Refer to Example 13.

(i) Complete the following table:

Event 'Sum of 2 dice' \(2\) \(3\) \(4\) \(5\) \(6\) \(7\) \(8\) \(9\) \(10\) \(11\) \(12\)
Probability \[\begin{align}\frac{1}{36}\end{align}\]           \[\begin{align}\frac{5}{36}\end{align}\]       \[\begin{align}\frac{1}{36}\end{align}\]

 

(ii)A student argues that 'there are \(11\) possible outcomes\( 2, 3, 4, 5, 6, 7, 8, 9, 10, 11\) and \(12\). Therefore, each of them has a probability \(1/11\). Do you agree with this argument?

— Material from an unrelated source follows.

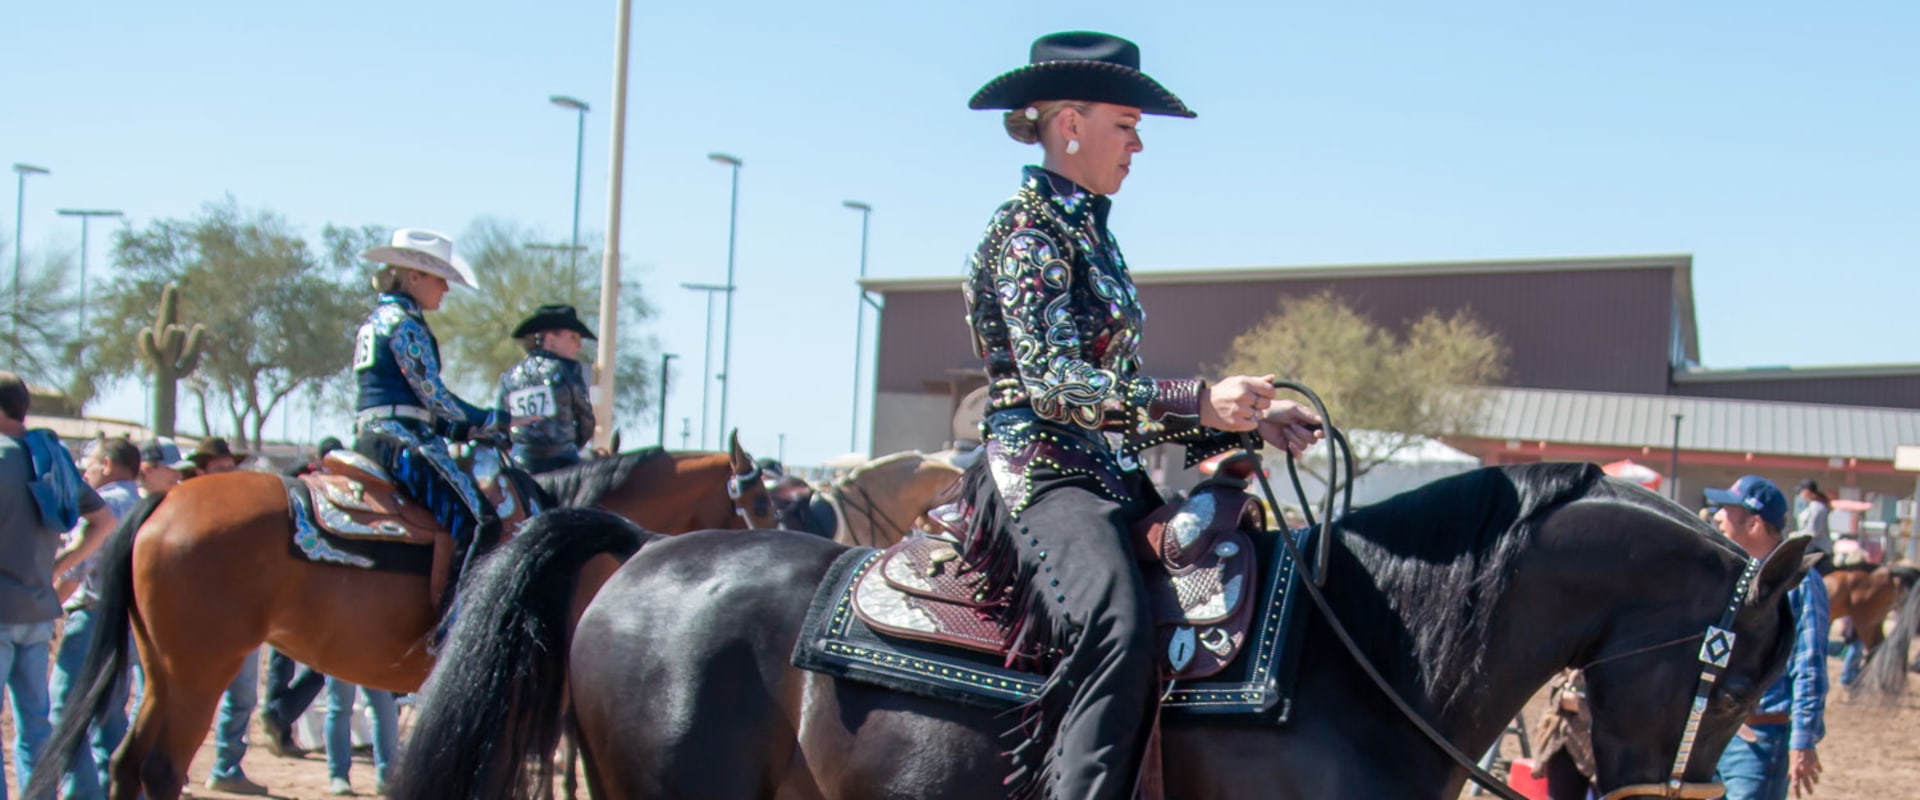 Experience the Majestic Arabian Horse Show in Scottsdale, Arizona

Justify your answer.

 

Text Solution

  

What is known?

A dice is thrown twice means total no. of possible outcomes are 36

What is unknown?

The probability that sum will be \(3, 4, 5, 6, 7, 9, 10, 11?\)

Reasoning:

\[\text{Probability of an event}=\frac{\text{ Number of possible outcomes }}{\text{Total no of favourable outcomes}}\]

Steps:

No of possible outcomes to get the sum as \(2\)

\[=\left( 1,1 \right)\ \]

No of possible outcomes to get the sum as \(3\)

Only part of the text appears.